When you’re that young, you can be thoughtless like that because you don’t fully realize how disadvantaged people not only need, but deserve, a bit more patience and consideration. We give some grace to the young because of that understandable immaturity, but evidently there are people who still need to be taught such basic lessons even if they are now adults.
This week someone forwarded to me an article about some people standing in line for a movie behind a man with notable handicaps. Because of his limitations, he was taking longer than others to get to his wallet (even though he started reaching for it before he got to the head of the line), and was holding things up a bit when a woman behind him said “They shouldn’t let people like that come to the movies.” And she said it loud enough that the handicapped man heard it.
Can you believe that? I hate to think what my dad would have thought about me doing that long after I was old enough to know better!
This could have been just an awful humiliation for the handicapped man, but luckily there was another man in the line who turned to the woman and let her have it about her rudeness and lack of feeling (hopefully she was as remorseful as I was). And when that man got to the front of the line to pay for his ticket, he was surprised to learn that it was already paid for – by the handicapped man!
Isn’t that great? Don’t you just love to hear a story like that, where a little bit of justice gets done? You’d have to be pretty hard-hearted not to be happy that the handicapped man got to know that someone cared enough and respected him enough to defend him, and that he didn’t have to walk away feeling alone and demeaned. And just as well that the man who spoke up was recognized and knew that he was appreciated.
In a favorite movie, a character, speaking about politics and his individual contribution to the world says “I support the view that you just don’t think about the big picture. You add your light to the sum of light.” I half like that, but not fully, because I think that you do have to think about the big picture too, yet the idea that you can be part of improving a big, cold, impersonal and unbending world, or at least your small patch of it, by a comparatively small act highlights how meaningful we have the opportunity to be in even the most mundane rituals of ordinary life.

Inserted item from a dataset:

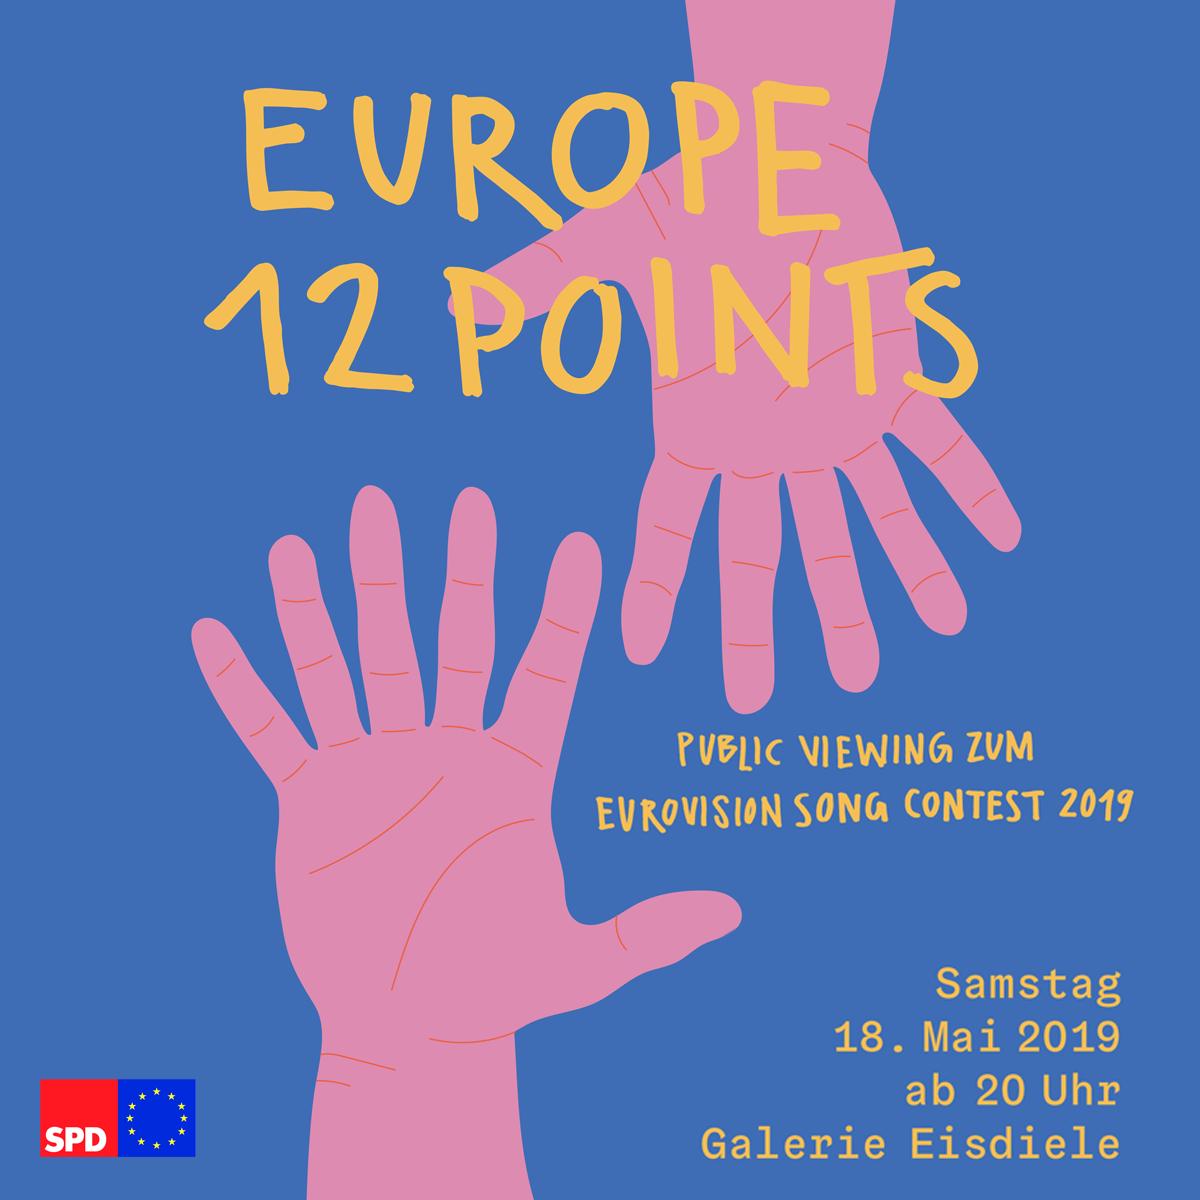 Wir feiern Vielfalt, Gemeinsamkeit und unsere Vision von #Europa. Wir feiern #Eurovision - und zwar am liebsten mit Euch! Kommt und feiert mit uns 🎈 📌Galerie Eisdiele (Rothenburger Str. 185 in Nürnberg) ⏰Samstag, 18. Mai ab 20 Uhr #spd #ESC19

I think of it that way, that taking a stand is, I tell myself, a way to create the world that I want to live in. It helps to consciously take that view, otherwise there is a tendency to see one’s own actions as small, and minimally significant. Granted, I know that I am not shaking things up on a global level, but I tell myself that unexpected assistance to a stranger, being supportive to someone who’s unjustly attacked, not passing on that bit of gossip, making a donation, and things like are like being a resistance fighter against the occupying forces of divisiveness and cynicism, with every bit of push back being a skirmish that is won and a bit more light added to the sum of it.
And these are self-rewarding acts, likely to inspire you to do more for others. After all, generosity has that effect.
I think this view can work for you too, helping you to remember the real power that you have and inspire you to use it as much as you have opportunity to do.